Humour

How To Avoid Writing An Article for a University Engineering Newspaper

Note: This article is hosted here for archival purposes only. It does not necessarily represent the values of the Iron Warrior or Waterloo Engineering Society in the present day.

If you are ever given the responsibility to write an article for a university engineering newspaper and don’t want to procrastinate but really want to avoid writing anything then this article will provide you with helpful tips for this one very particular situation. This will teach you how to be part of the staff, have something to put on your resume and not have to write anything you have been assigned.
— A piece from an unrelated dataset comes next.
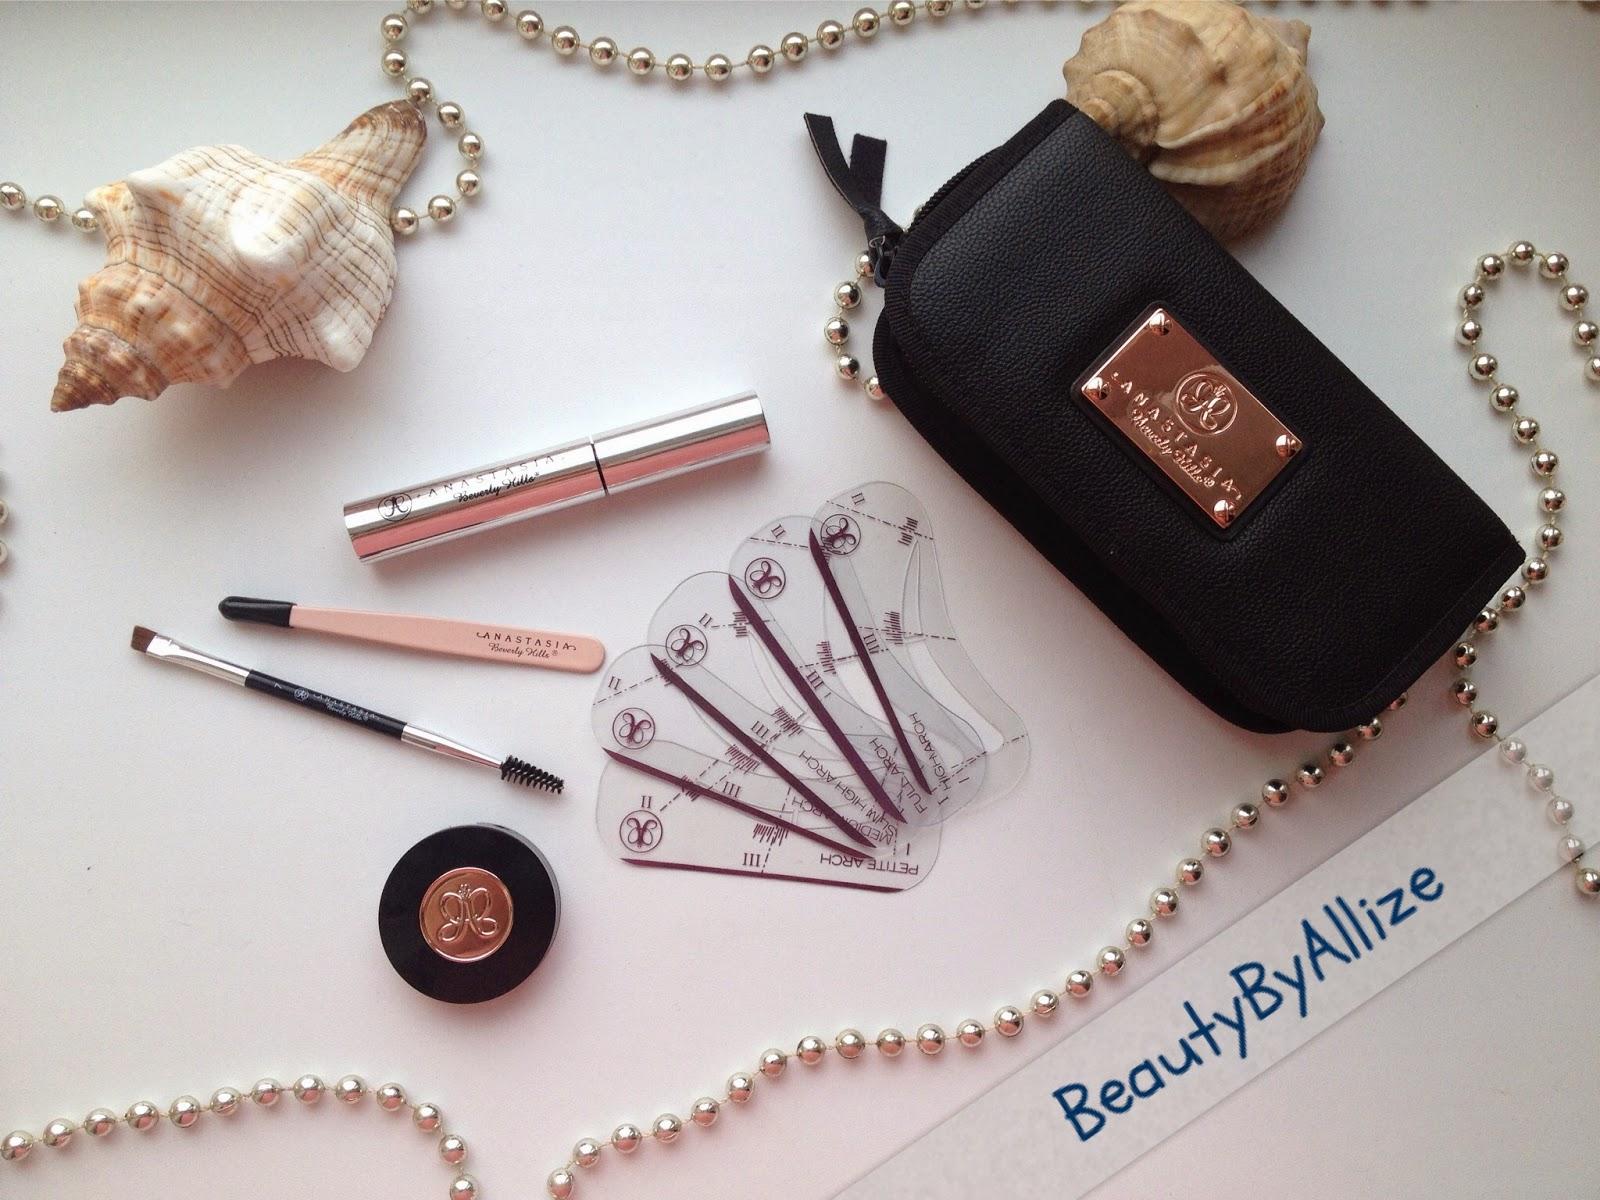 Anastasia Beverly Hills Brow Kit.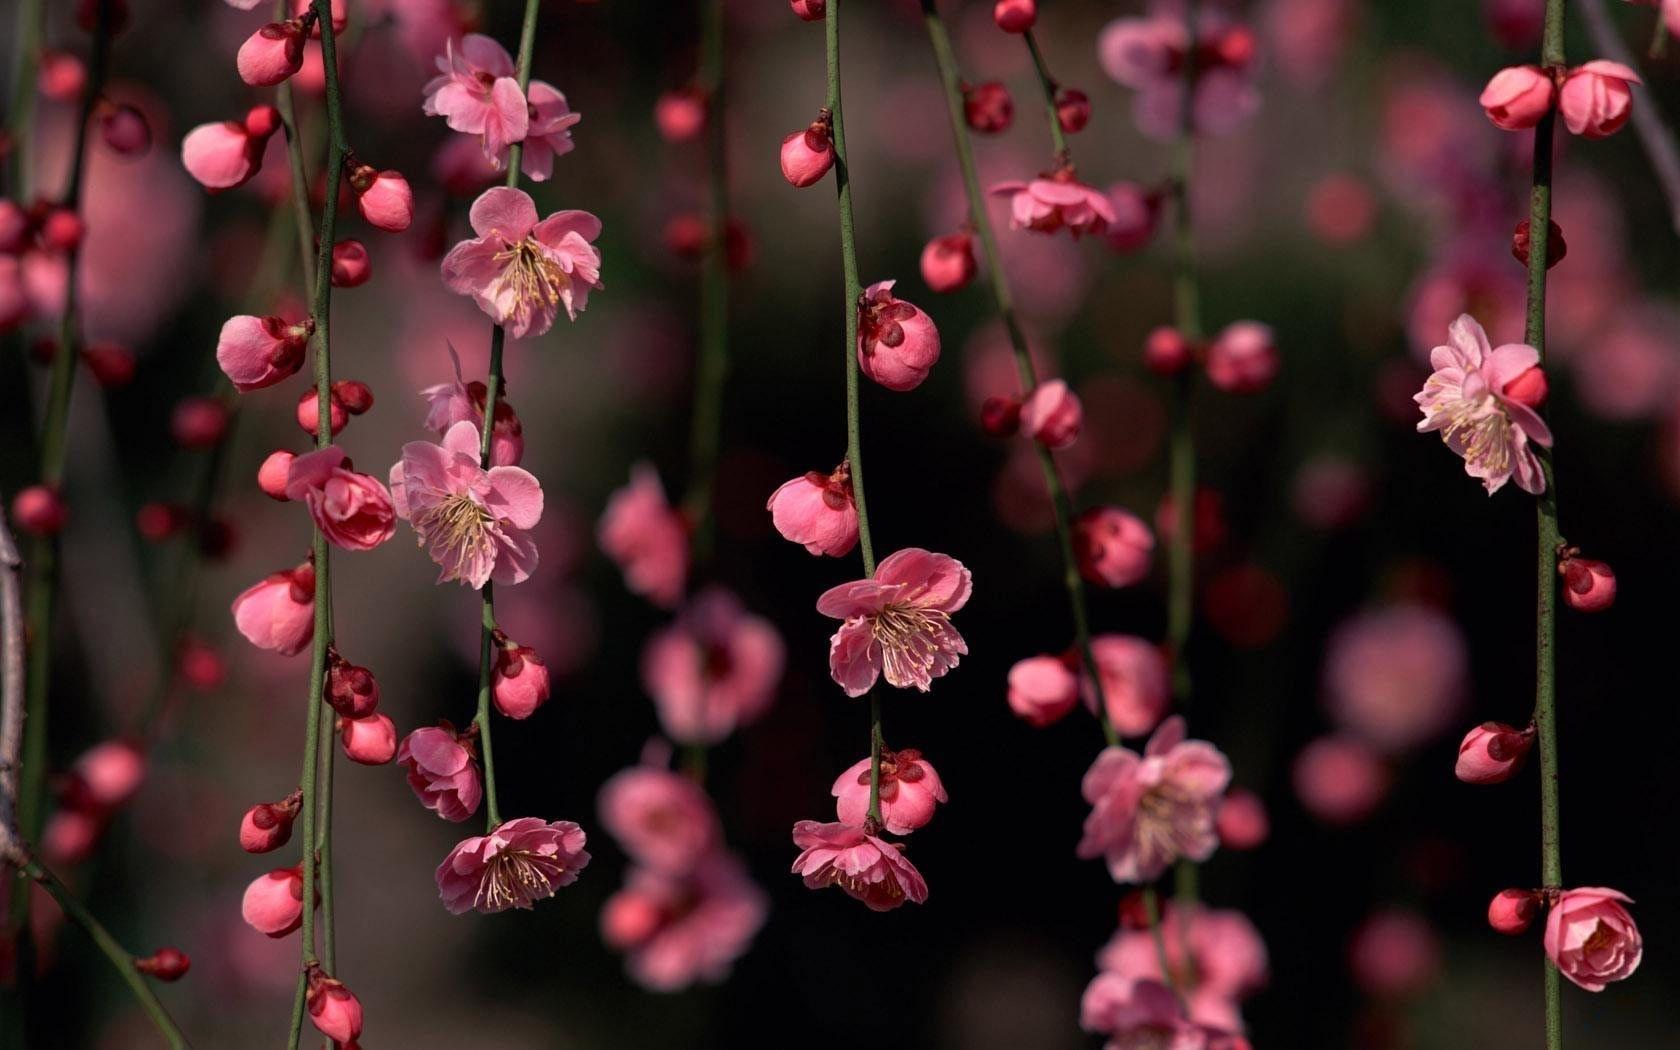 spring flowers wallpaper desktop background | natures wallpapers

The first step is to be illiterate. If you are illiterate, how are you reading this? How did you get into university? You have to be able to pass the ELPE and get at least a 70% in a grade 12 equivalent of high school English. Could your English teacher read? In this day and age, why do we even need writing and reading? Just Vine it or text and emoji to convey the emotion and thought you have. But seriously, if you are illiterate, you should learn how to read and write. Being literate is critical to the professional development of an engineer and that is what being in uWaterloo engineering is all about. If you can’t read then how would you experience the banality of my writing?

When asked to write an article and you don’t want to procrastinate, you can just leave the country for a week every time. Show up on Tuesdays or whenever the meetings are, get the free pizza and beverages then when you get an email asking to write something from the Editor-in-Chief, book a week long trip to Hong Kong or Dublin or Venezuela. If you don’t respond to the Editor-in-Chief’s emails, do you exist? Yes, to yourself but not to the Editor-in-Chief. Jackpot. All you have to do is pull a “Secret life of Walter Mitty” and go on spontaneous adventures around the world claiming you are looking for pictures for the University Engineering Newspaper and watch The Secret Life of Walter Mitty on the flight to Greenland.

Another way is to change your name to Chang O’Malley. My name is very common especially on the University of Waterloo campus, O’Malley is a very common family name. If everyone is Chang O’Malley, are we human or are we dancers? If everyone is called Chang O’Malley, everyone’s uWaterloo Nexus email accounts would be cOMalley@uwaterloo.ca, how can the editor in chief contact us now if we all have the same name? WHAT NOW, EDITOR-IN-CHIEF? WHAT NOW? HOW CAN YOU TRACK OUR MOVEMENTS IF YOU DON’T KNOW WHO IS WHO? CHECKMATE!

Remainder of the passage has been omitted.